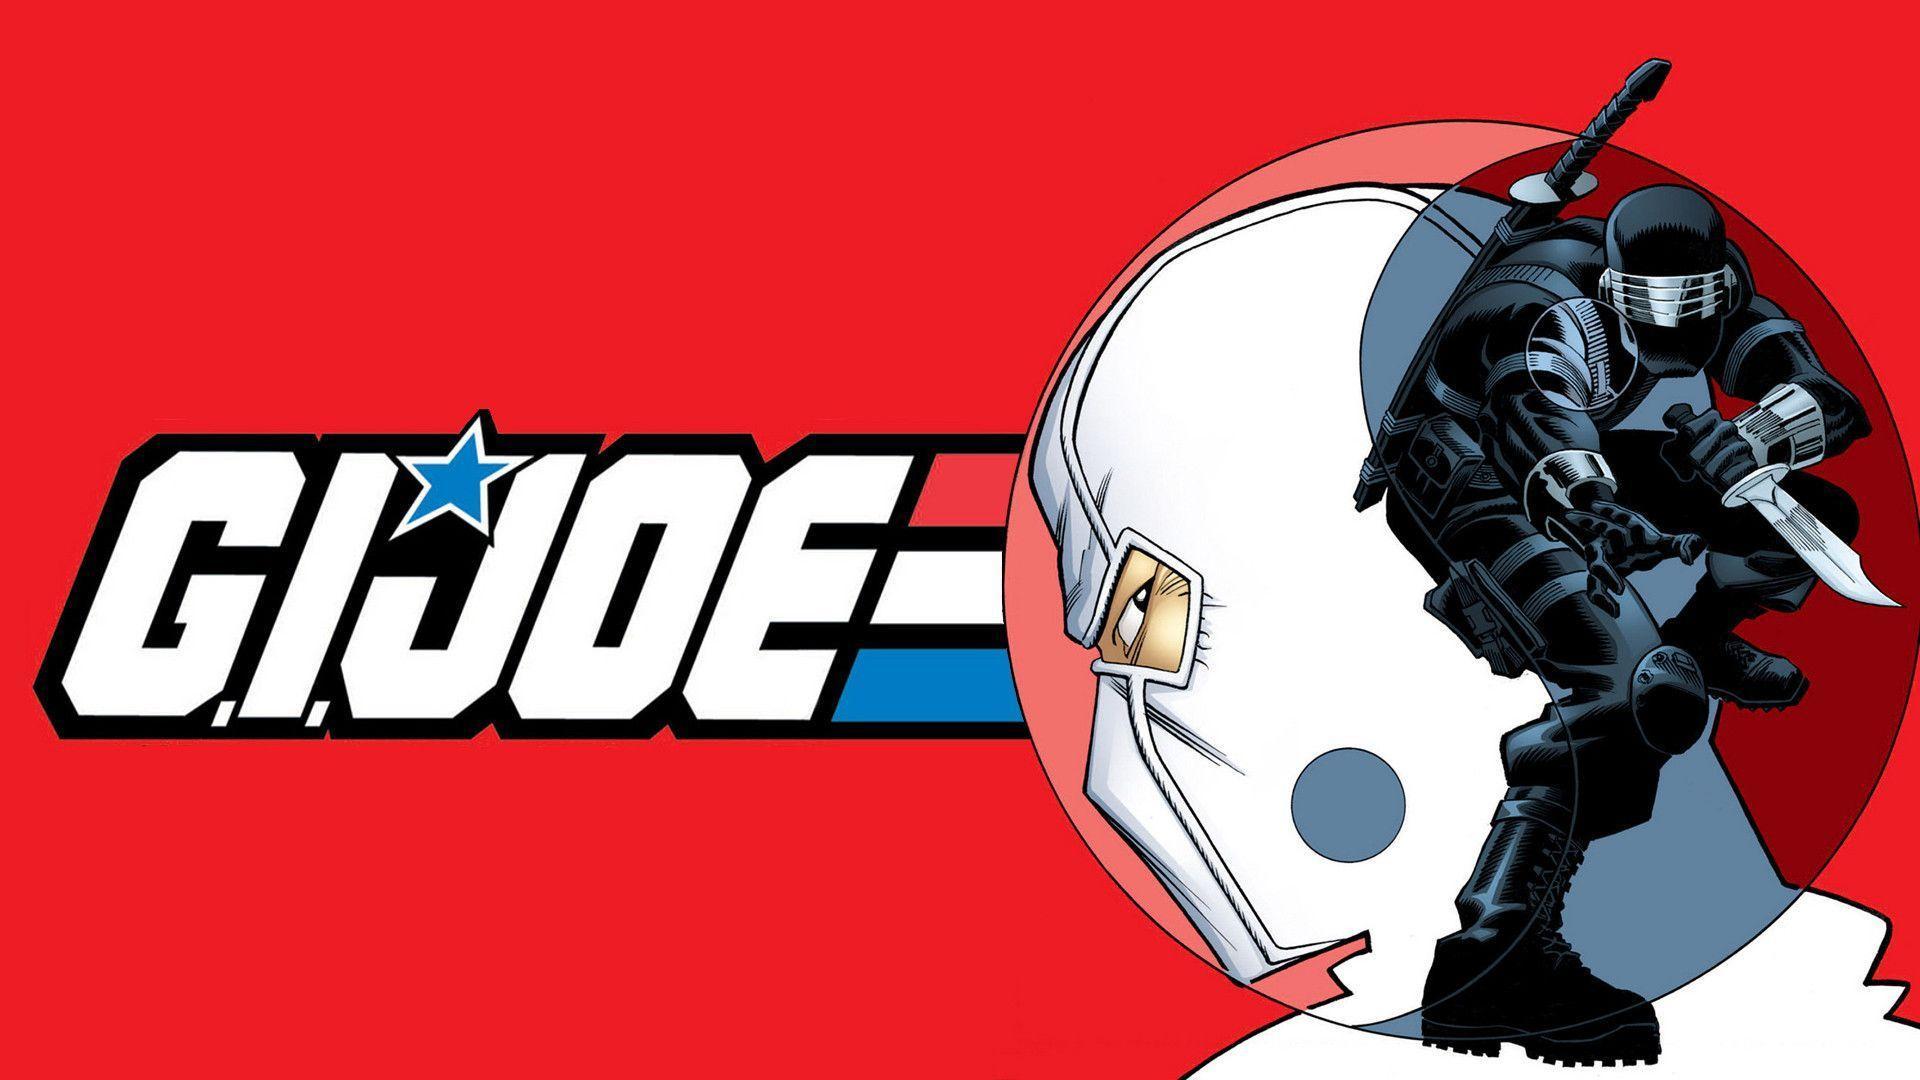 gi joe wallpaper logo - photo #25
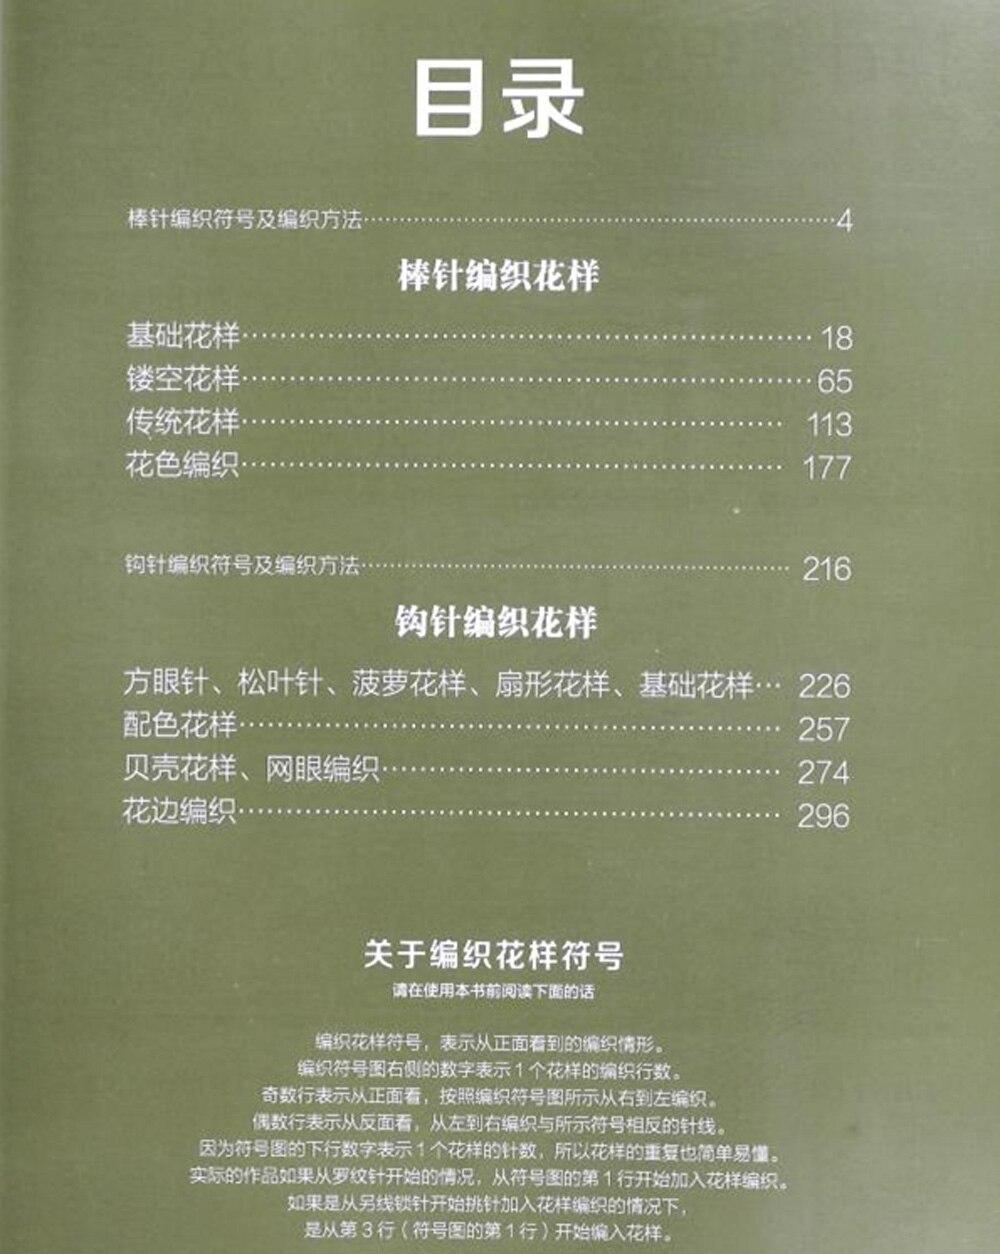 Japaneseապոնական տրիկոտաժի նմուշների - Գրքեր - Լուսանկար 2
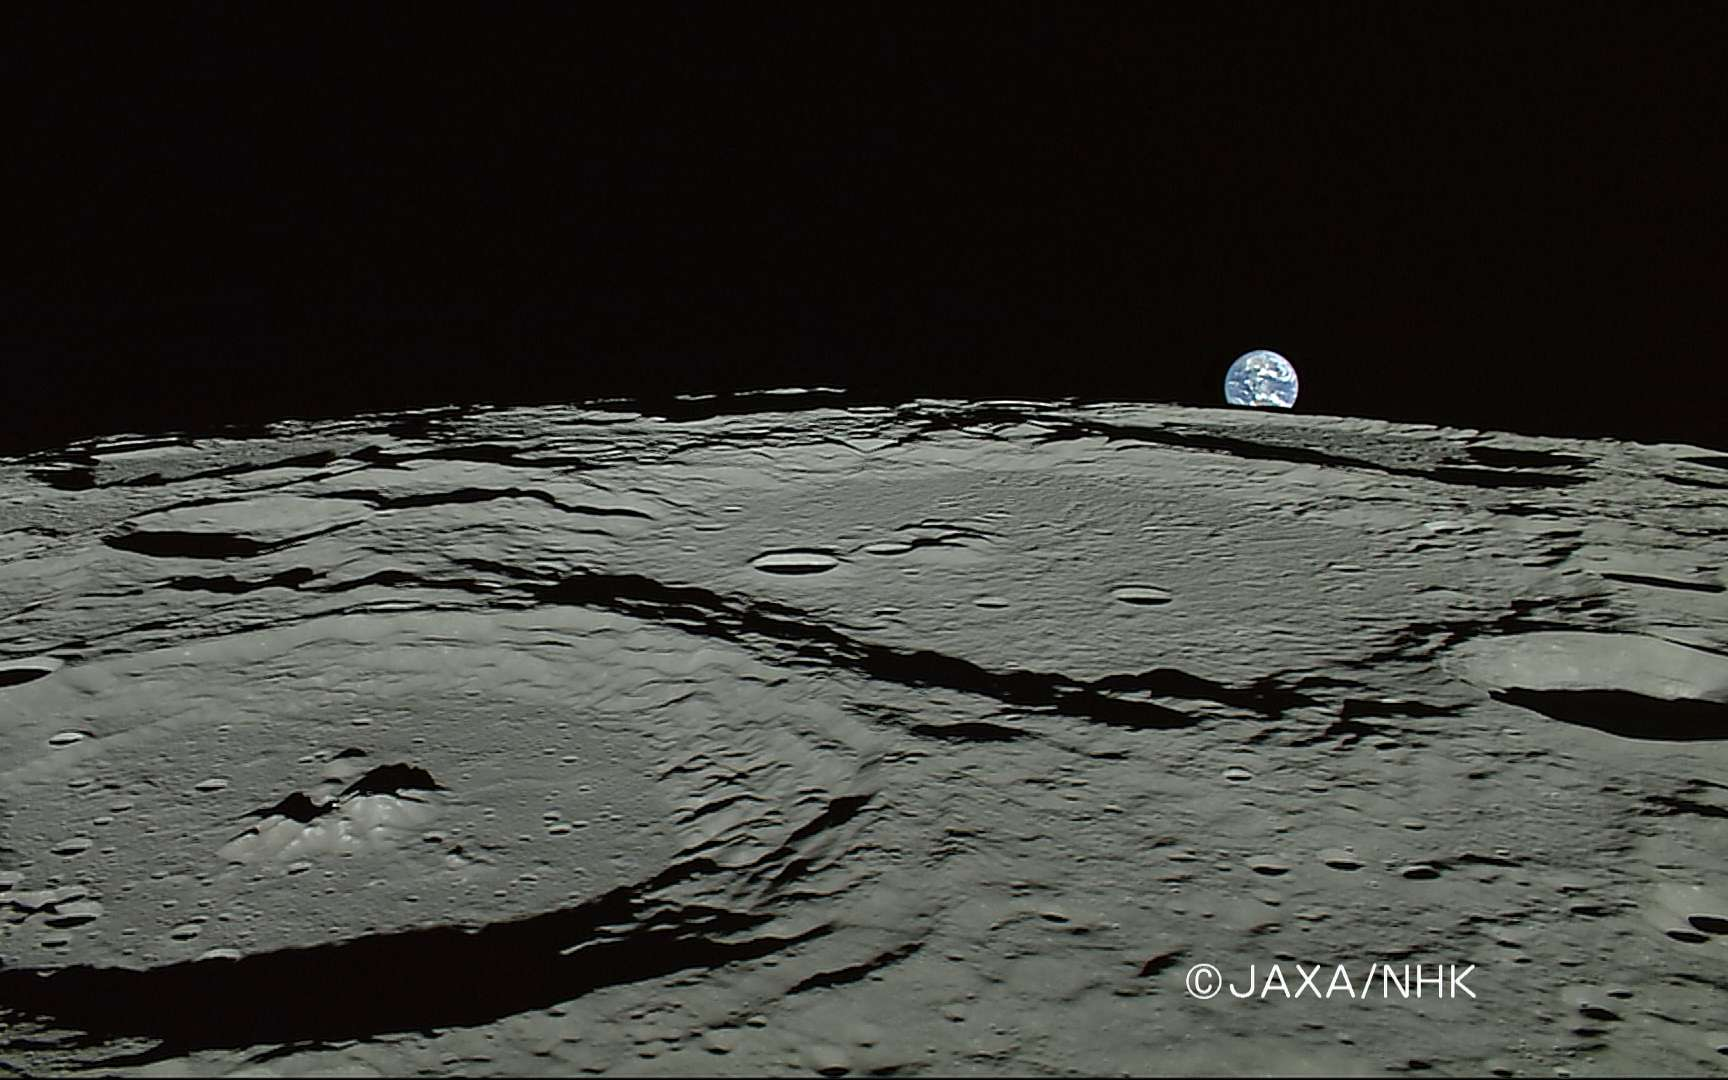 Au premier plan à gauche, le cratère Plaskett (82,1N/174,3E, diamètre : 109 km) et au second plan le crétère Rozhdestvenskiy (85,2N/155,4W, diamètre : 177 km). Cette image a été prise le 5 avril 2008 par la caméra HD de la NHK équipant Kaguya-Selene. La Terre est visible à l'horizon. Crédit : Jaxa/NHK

○ ○ ○

Your copy of the listing should match it exactly, apart from the pictures, which are left out.

* Solution to this exercise *
 gi joe wallpaper logo - photo #25
 Japaneseապոնական տրիկոտաժի նմուշների - Գրքեր - Լուսանկար 2
 Au premier plan à gauche, le cratère Plaskett (82,1N/174,3E, diamètre : 109 km) et au second plan le crétère Rozhdestvenskiy (85,2N/155,4W, diamètre : 177 km). Cette image a été prise le 5 avril 2008 par la caméra HD de la NHK équipant Kaguya-Selene. La Terre est visible à l'horizon. Crédit : Jaxa/NHK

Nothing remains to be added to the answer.